His theory as well is that resentment tends to build up in the body and contributes to the cause of more disease such as cancer and this cancer personality that he writes about is the woman that will say yes to things and is scared to say no out of guilt. So, resentment is far more damaging for the body and therefore, when trying to avoid guilt, maybe move towards guilt, especially when you know that you might be taking on more than you should. And also pay attention to the idea that when we say yes to things we’re saying no to other things. So, we’re always saying “no” and “yes”. We only have 24 hours in the day and so, by saying yes to that baby shower that you’d rather not go to, what are you saying no to? Are you saying no to doing a yoga class for you, or getting extra sleep, or saving your money for a family vacation? So, paying attention to those commitments that we make. There’s a great article online called “The Law of F- Yes! Or No.” And this law is, if you’re faced with a decision and you’re not feeling like this, “F- Yes!”, then say no and save that time and save those commitments for something else that you’re more enthusiastic about.

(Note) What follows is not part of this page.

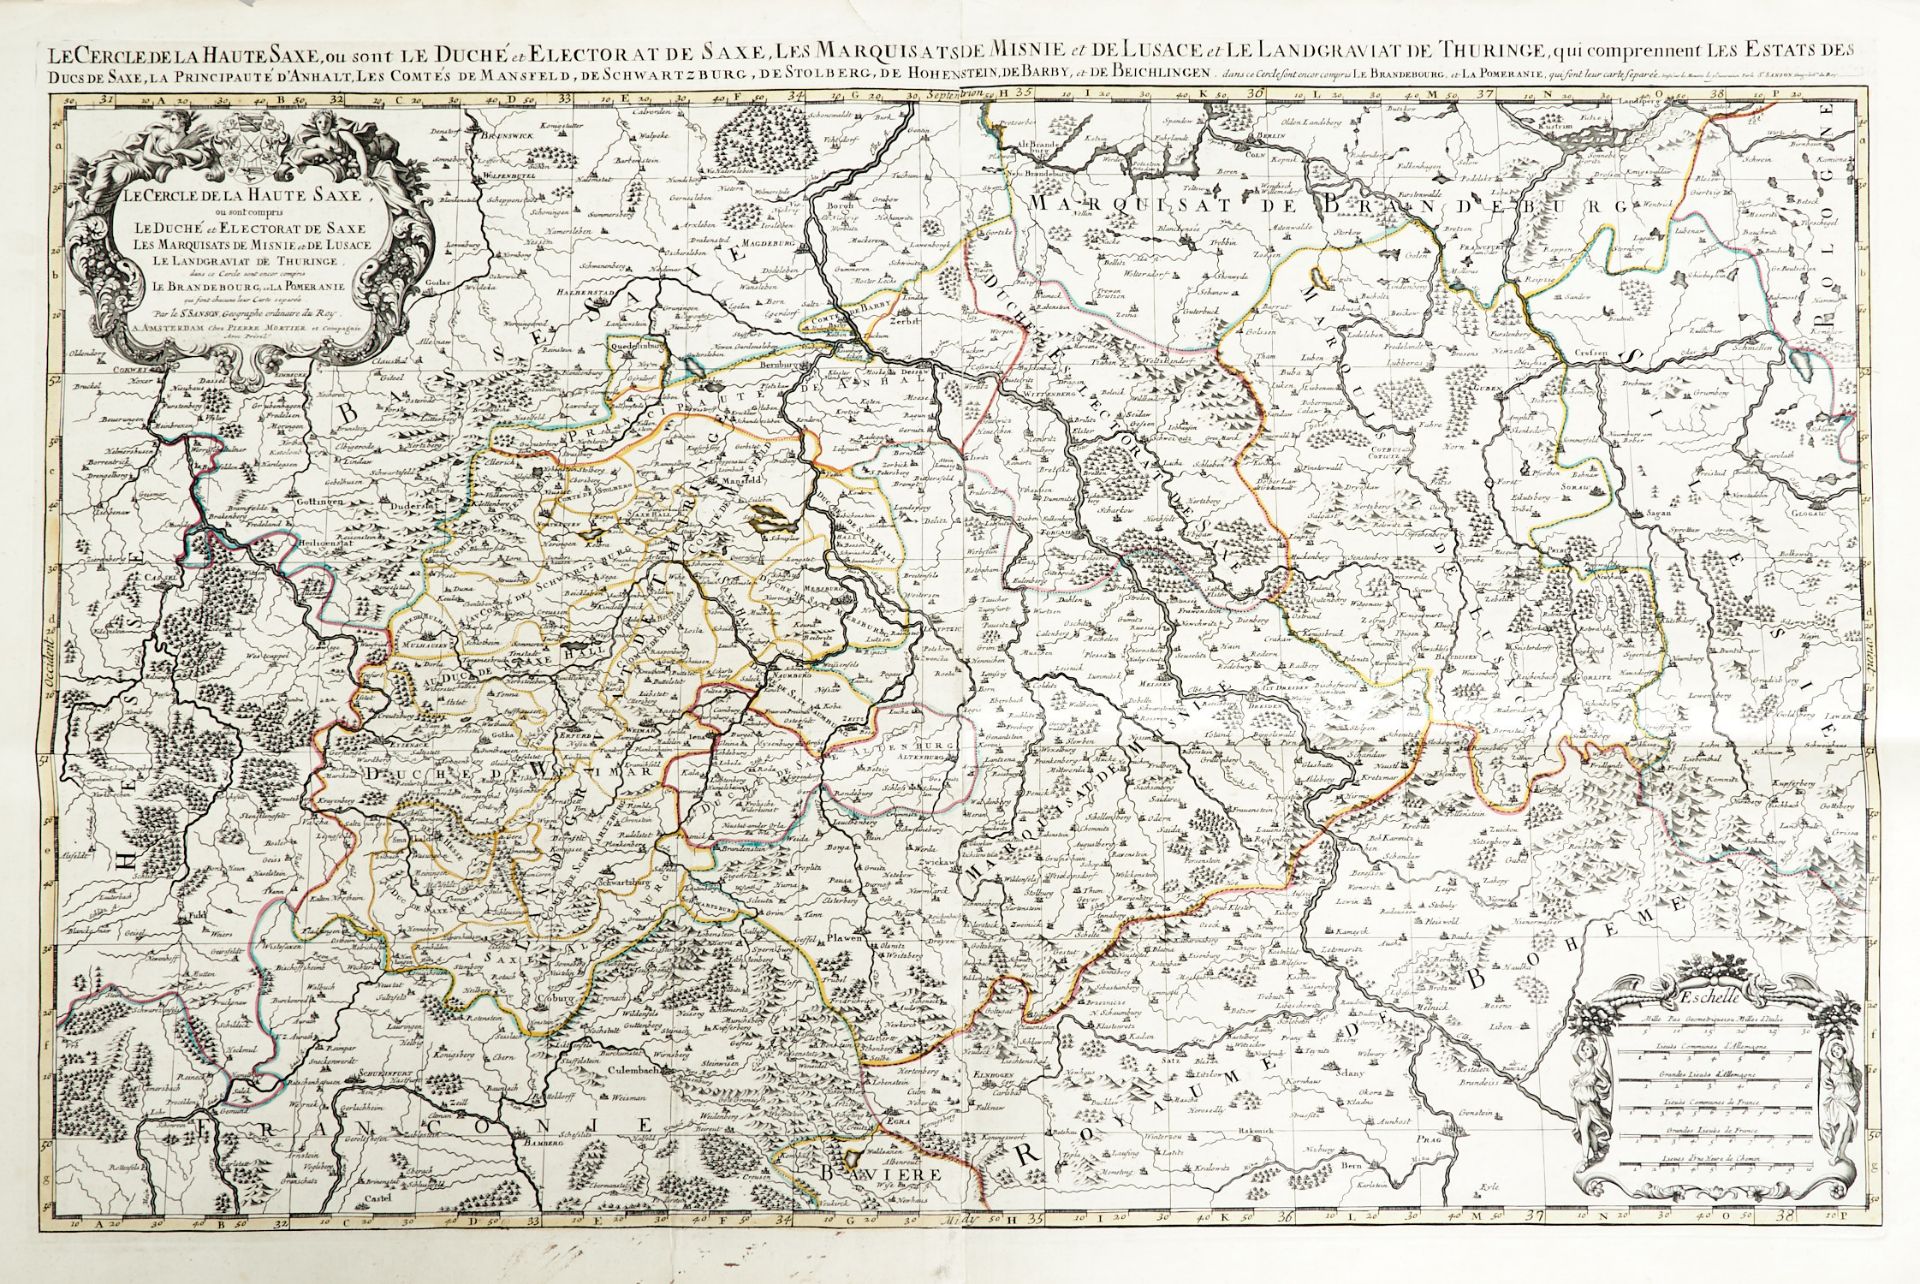 Sachsen Thüringen Konvolut - 12 Kupferstichkarten des 16. bis 18. Jhdts. von verschied. Stechern und - Bild 4 aus 8

When it comes to self-care, there’s another great article that talks about the BACE method, so that’s BACE. And this stands for these 4 pillars of self-care. And the first one of body-care. So that’s making sure you have a healthy diet, that you’re supporting yourself nutritionally, that you’re getting movement in, that you’re sleeping enough. A is acceptance, just allowing the emotions, and that self-care, that self-love to come through. C is connection, so establishing those interpersonal relationships and prioritizing them, especially relationships that feel nurturing, where you can be your authentic self. And E is enjoyment, finding activities that are fun and cause a sense of enthusiasm and enjoyment in your life. And this is something that’s often a problem for a lot of adults with lots of responsibilities that, when I ask them to rate on a scale of 1 to 10 how much fun they have, or how satisfied they are with the amount of fun in their life, they often rate it pretty low.

A lecture that I attended, there was a woman who was talking about self-love and improving self-worth and recommends asking oneself this: “what would someone who loves themselves do? Or say?” and that can be pretty powerful for just examining how our internal dialogue is manifesting and how we’re talking to ourselves and treating ourselves. Would someone who loves themselves eat that? Or say that? Or do that activity or say yes to that commitment? And, you know, just sitting with that question can be really helpful for changing some behaviours, or adding perspective to our daily lives.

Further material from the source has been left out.